Wednesday, January 22, 2014

Extraneous -- and so on

     Since my junior high math days, when I first heard the word "extraneous," I have loved the sound of it, the feel of my mouth when I say it, the mystery of how solving an equation can lead to extra solutions.   And then learning to check found-solutions to see if they were true solutions -- a process that has been multiply useful to me far afield from mathematics.
     My love for this math-word drew me quickly to the title of a poem by Alex Walsh, a high school student from Oberlin, Ohio, who presented her work at the poetry-with-math reading at JMM in Baltimore last Friday.   Here are her poems "Convergence" and "The Extraneous Solution" :

Convergence     by Alex Walsh

My father’s a mathematician, as
are his father and two of his brothers,
plus a sister-in-law and now
a son. I adopted trigonometric families
long before I learned to write
a sonnet, the beauty of e
to the x and its derivative lodged
deep in my brain in a way
iambic pentameter could only hope
to imitate. I found that x
was nothing compared to an alphabet
full of letters whose use I
never had to justify, but the longer
I insisted I was a poet, the more
integrals began to occupy the vacant
spaces in my mind, filling the holes
not even free verse could satisfy
as related rates transformed me
into yet another term in the infinite sequence.

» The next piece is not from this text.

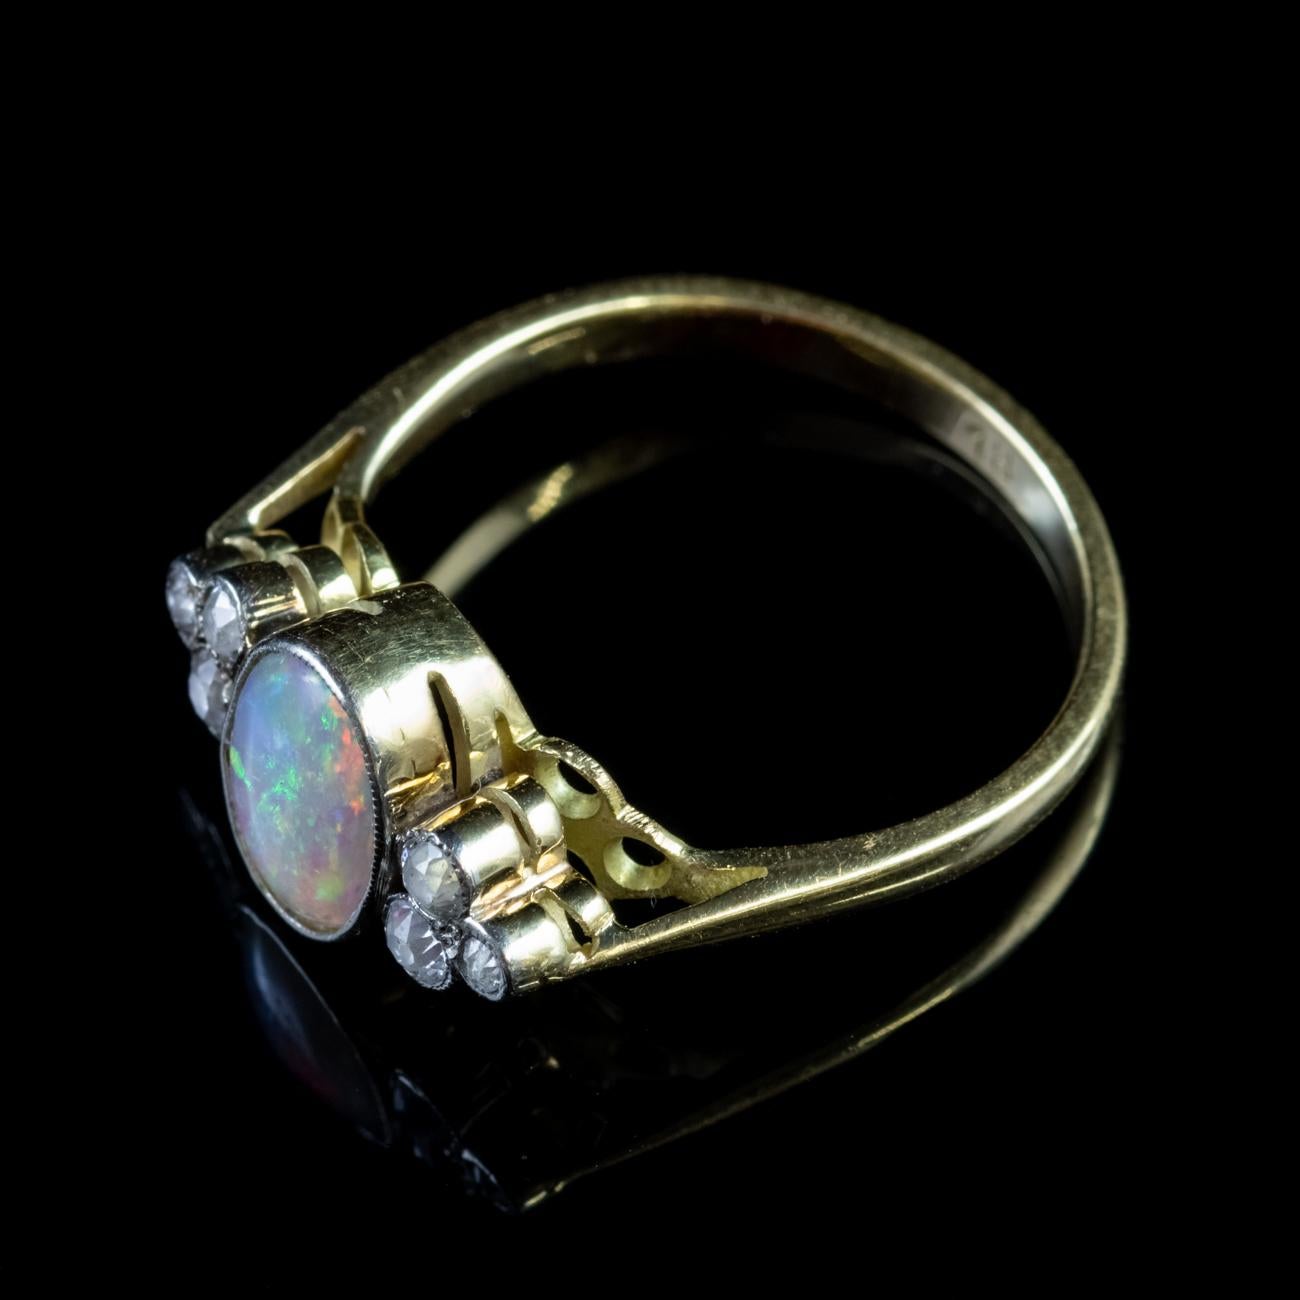 This beautiful Antique Edwardian ring is modelled in 18ct Yellow Gold and is set with a stunning central 1.65ct Natural Opal which is offset by three dazzling old cut Diamonds on either side. The Diamonds are miligrain set and weigh approx 0.08ct
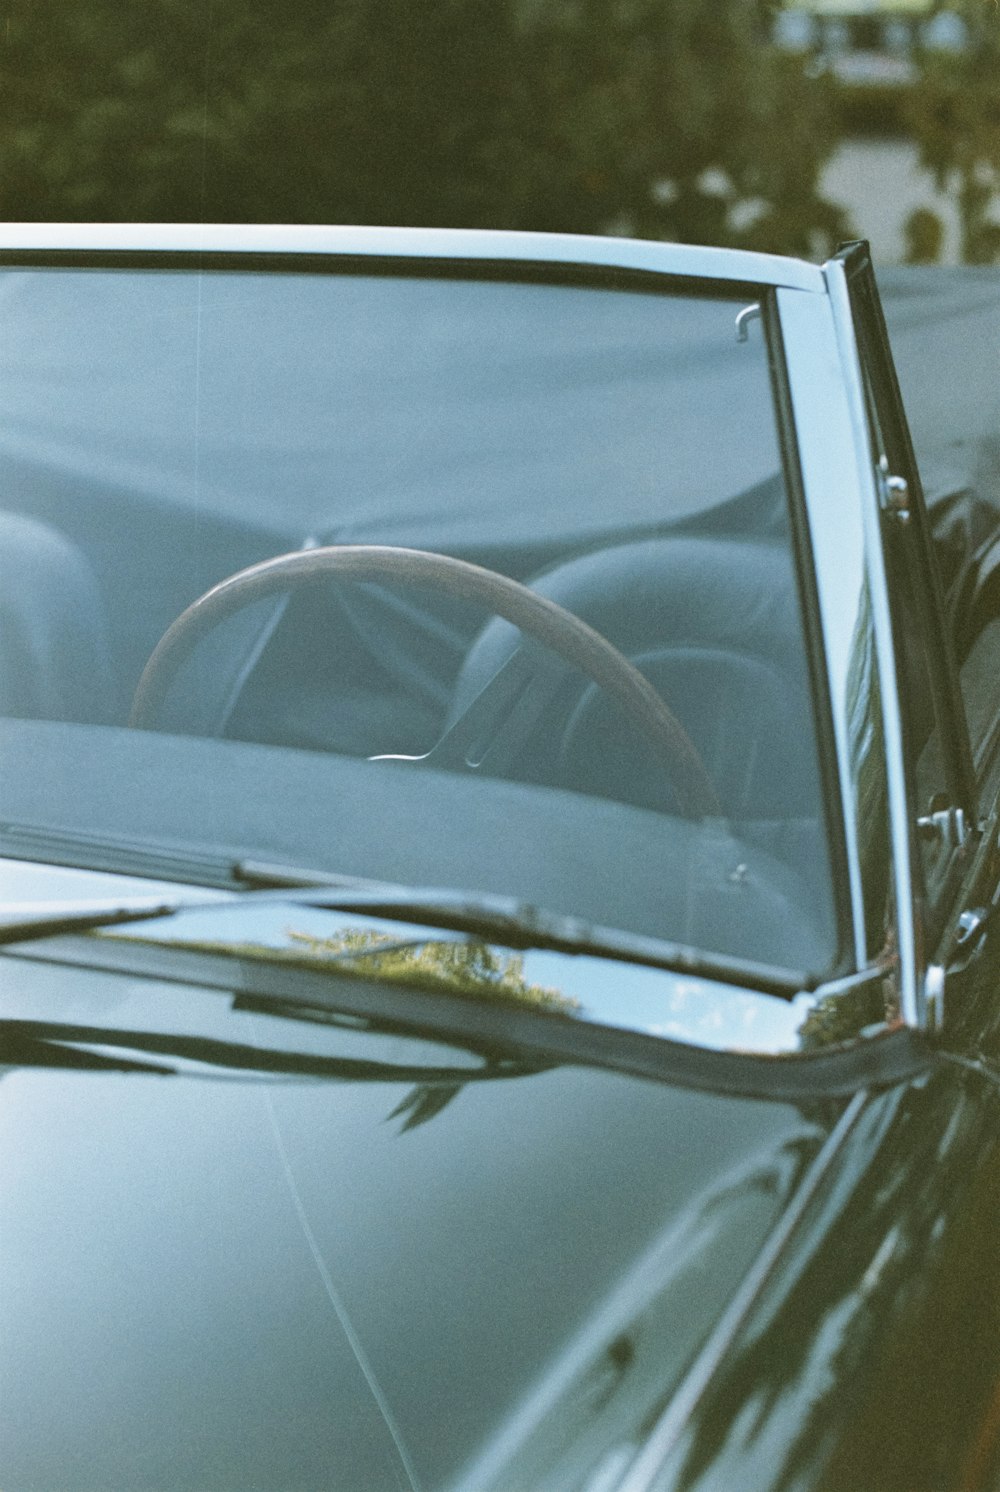 a close up of a car with a steering wheel

The Extraneous Solution     by Alex Walsh

Ten billion possible permutations.
What was the chance I’d dial yours?

When you agreed
to be mutually exclusive,
I stopped calculating
how my every step
would affect you

but you reduced me
to my lowest terms
until I was nothing but a first-degree
polynomial, the steady slope
to your quartic variation.

In our inverse relationship,
my love grew as quickly
as yours faded into the axis.
Eventually, I stopped trying
to plot your points.

The smaller I grew,
the closer we came to our limit,
and when at last I had
all but disappeared,
you pointed to the hole
where our value should have been.

I guess we weren’t
differentiable after all.

Alex's father is an Oberlin College mathematics professor, James Walsh.  Often, family members of mathematicians write with great insight into mathematics and mathematicians.  For more of this phenomenon see, for example, my July 20, 2010 posting.


  1. Found your blog while I was looking for crossovers between CCSS Math Standards and literacy. I have started a series of posts on the practice standards applied in English Language Arts...including this one on the sestina:
    I noted you have several entries also on the sestina....I must be on to something!
    Also, enjoyed the two poems by Walsh.